Ugh. Don't even read this. I'm basically crying into the void here. Thanks for giving me a space to do it...
D-Day -- this one, at least -- was in the second week of June.
She and I have been together for 12 years, married for 4. Non-monogamy has never been okay in our relationship. I have been clear about my need for this from the beginning, and I have never failed to hold up my side of the bargain. She cheated on me once very early in our relationship. She did it again, far more seriously, in the third year. Each time it was with a man from a previous relationship. After the second time, I almost left but did not. She entered into intense therapy to try to resolve childhood traumas. We went to counseling. I agreed to try to move forward. We married in year 8.
Last spring (2012), I discovered that she had begun exchanging inappropriately warm messages with yet another old boyfriend (her first boyfriend). The messages were not sexual, but deeply emotional, and most importantly she hid them from me. I confronted her. I thought we were past this kind of thing and couldn't believe that she had allowed it to enter into our lives after so much time. She said that I had every right to be upset and that it was a wake-up call for her. She said that she would make sure that I knew about any contact, that she would be more aware of maintaining lines, that it truly was just a rekindling of a friendship and old patterns of communicating, but nothing more.
In June of this year, one year later, I discovered a new truth. It turns out that one week after telling me last spring that she never wanted me to worry, that she was deeply sorry for reviving deep pain from early in our relationship, that she would do anything to protect me and us, that she would never hide anything more from me again, she opened a secret email account and continued corresponding with this guy. She travels during the summers for work to the place where this guy lives. She met with the guy and they began a full-on PA.
I did not know. There was fuzzy time during the weeks that she was traveling, but not so out of the ordinary that I grew overly suspicious. When I asked her about it, she gaslighted me, saying that she hadn't heard anything from the guy since the spring, that I needed to trust her, etc. I should have known.
After effectively spending a good portion of summer 2012 together, they continued their email correspondence in fall 2012 and then met for another secret rendezvous in January 2013, this time in the city where we live. I was told that she had a weekend work trip. It turns out to have been a getaway with this guy.
The email correspondence continued through this spring (2013). The trauma of last spring plus a thousand little inconsistencies had made me increasingly suspicious, increasingly crazy. Completely out of my mind and fed up with the gut feeling that something was not right, I finally searched for more correspondence and found it.
When I confronted her, she told me everything. At first it was reluctant, but then it all gushed out. She gave me access to the secret email account. She stopped corresponding as far as I know.

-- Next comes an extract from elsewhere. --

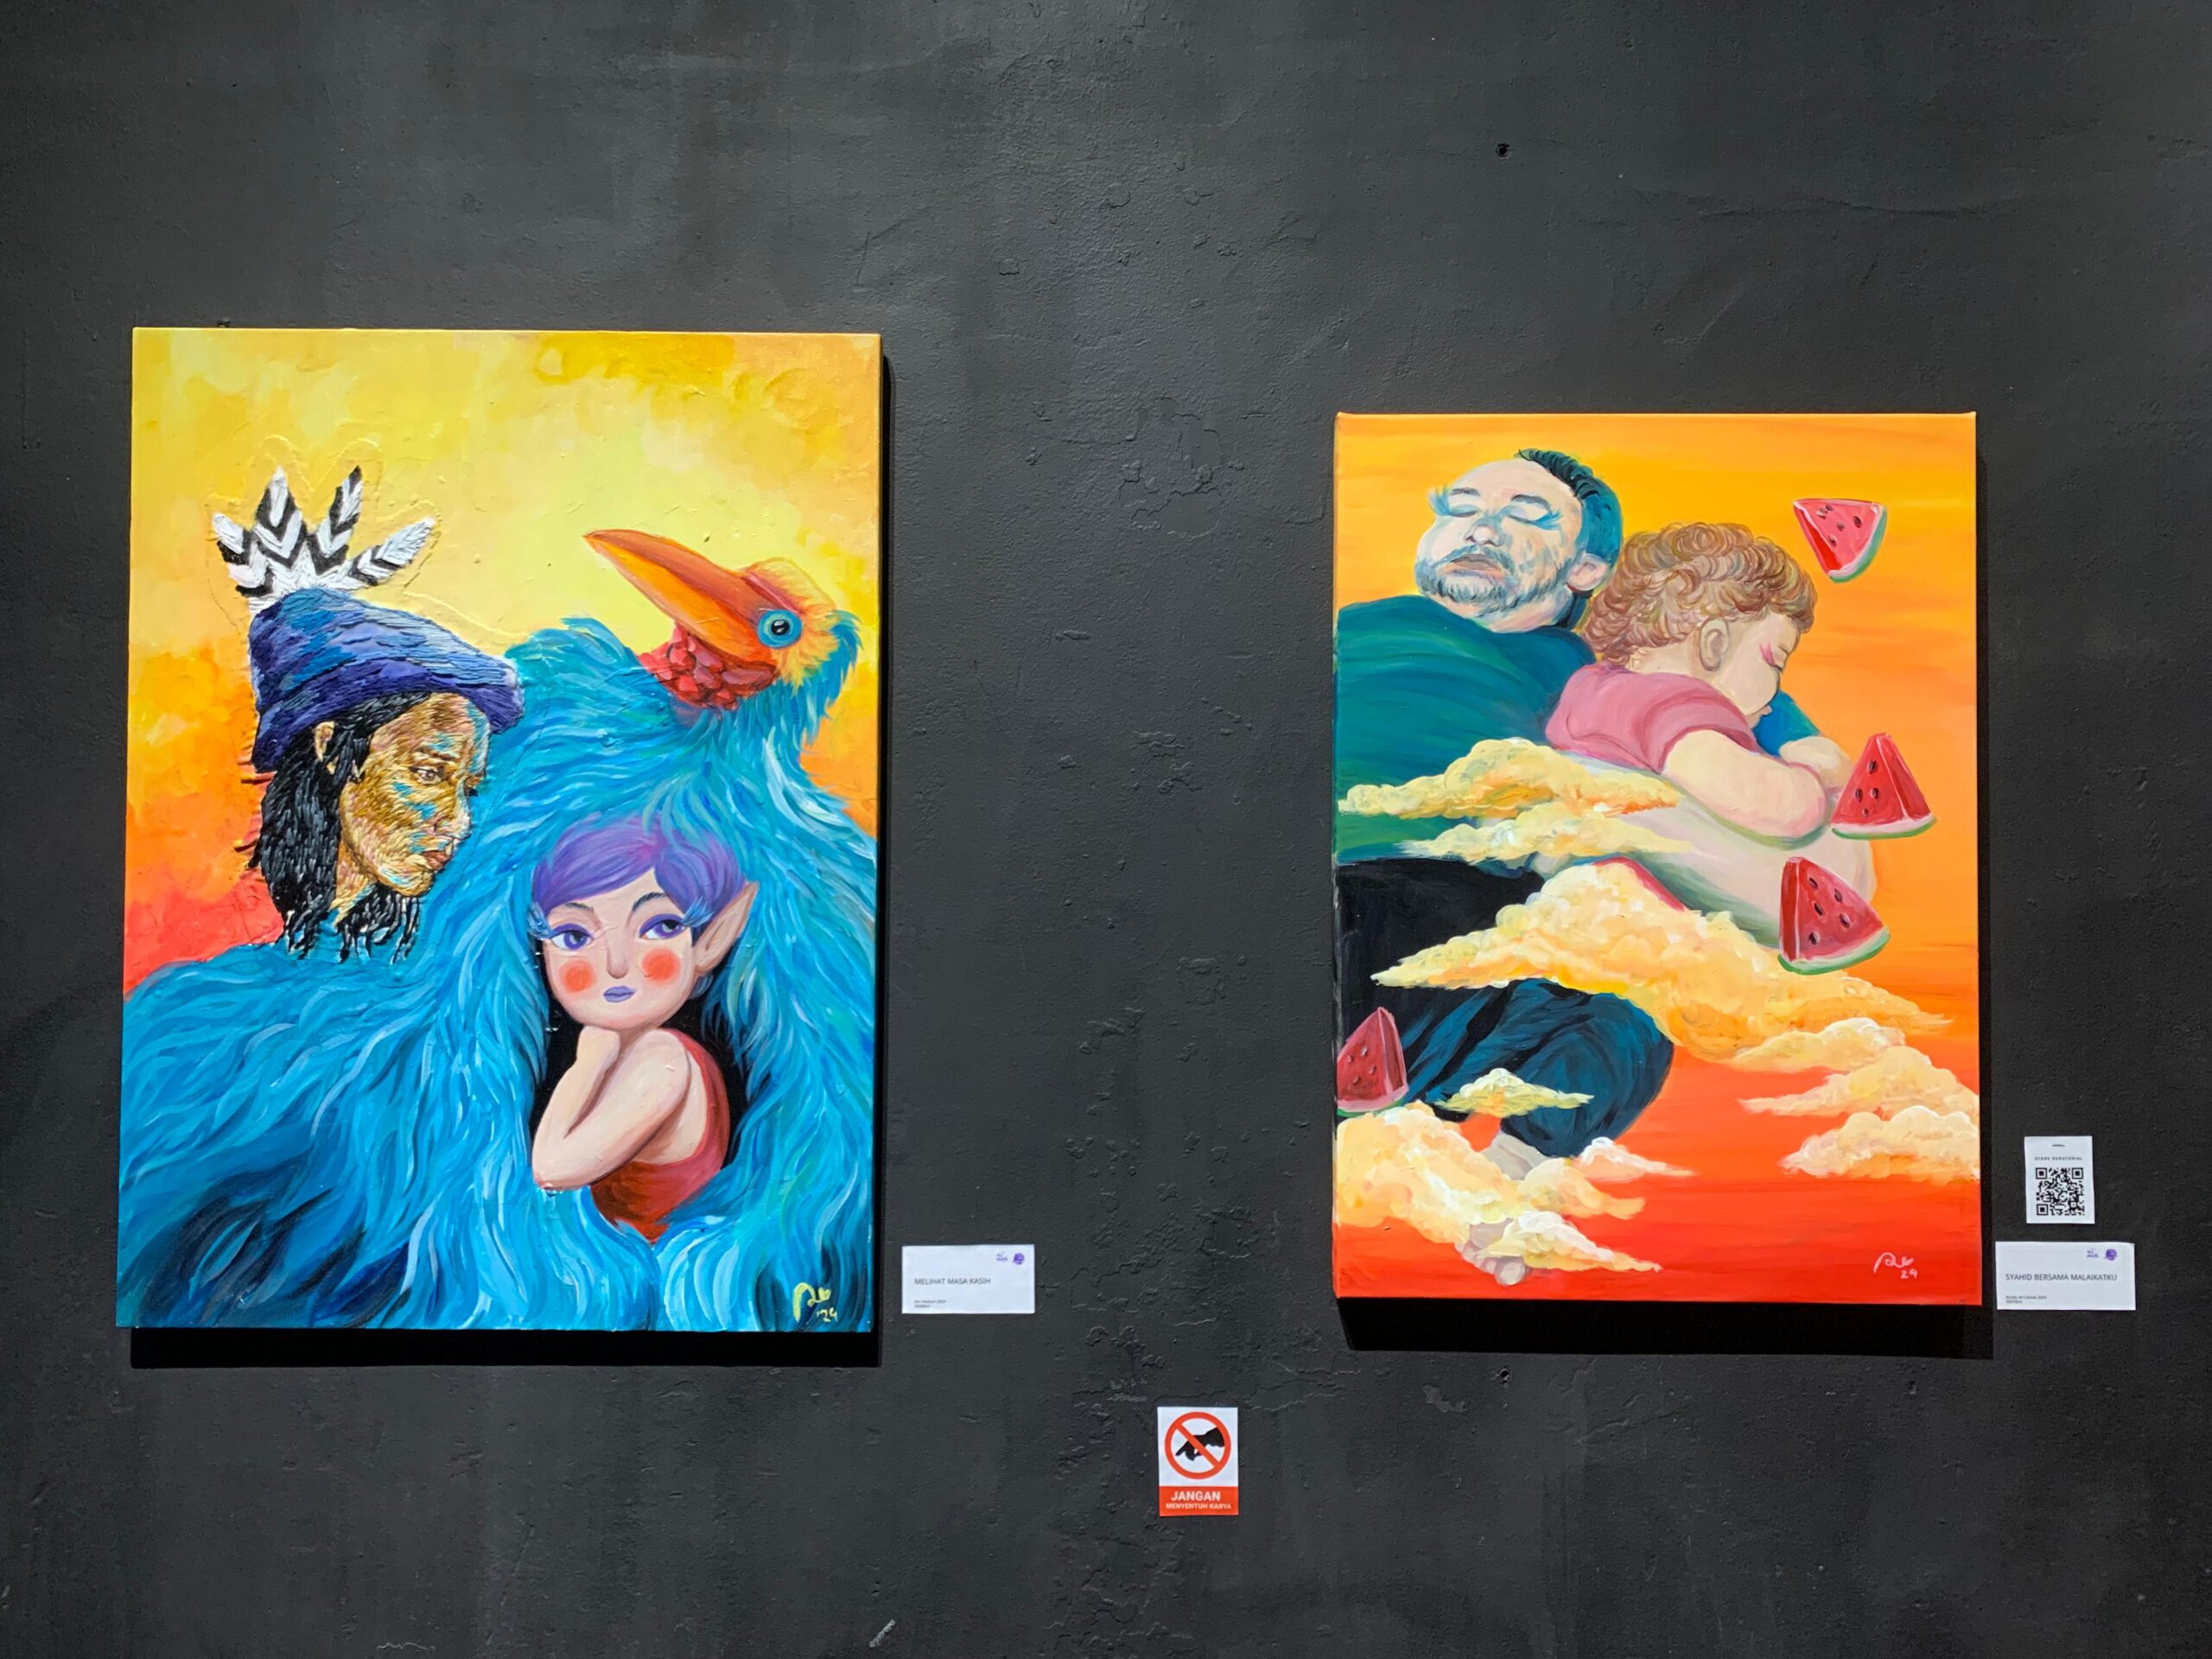 Beberapa karya dari Ayu Murniati di pameran tunggal “Ku Mulai”. (Foto: Indri)

She made the decision to travel again for work during this summer, and thus we have been basically separated for a month and a half. We talk everyday, often for several hours. She says she wants to try to repair things with me. She says that she has cut off all contact with the guy. She says that she wants to go into addiction therapy (for impulse control, not substance abuse), having gained new insights into her own issues through all of this. She says she wants me and our relationship, if we can mend it. She says she cannot believe that this all happened.
Me? I am still reeling. I feel awful pretty much all the time. I have a wife whom I deeply love and sincerely wish to be happy. I have a wife with whom I am unbelievably angry. I have a wife toward whom I am unbelievably resentful. I have a wife whom I absolutely, positively do not trust. I have a wife who I believe does, in fact, love me and does, in fact, want to be in our marriage. But I do not trust that she will ever be able to do it.
I am able to state all of this very clearly to her and to myself, yet I am painfully unable to give up hope that she might be able to figure it out. I know, at least, that I would be a fool to continue in such a marriage unless I am guaranteed that I will never find myself here again, that I am guaranteed to receive the love and respect that I deserve. I know that such guarantees are not really possible. I would advise anyone else that they are impossible.
Yet I cannot just say "it's over." And so I am stuck. When is enough enough? I feel so weak. So ashamed by my weakness. Yet I cannot fully close the door yet. She says she wants to try and I love her. Yet I don't know how to get back to solid ground from where I am.
If you have read this far, thanks for doing so. Is there any possibility for me to secure guarantees that she will never do anything of this sort again? I cannot take a leap of faith this time. It just seems like such a terrible, terrible, terrible waste.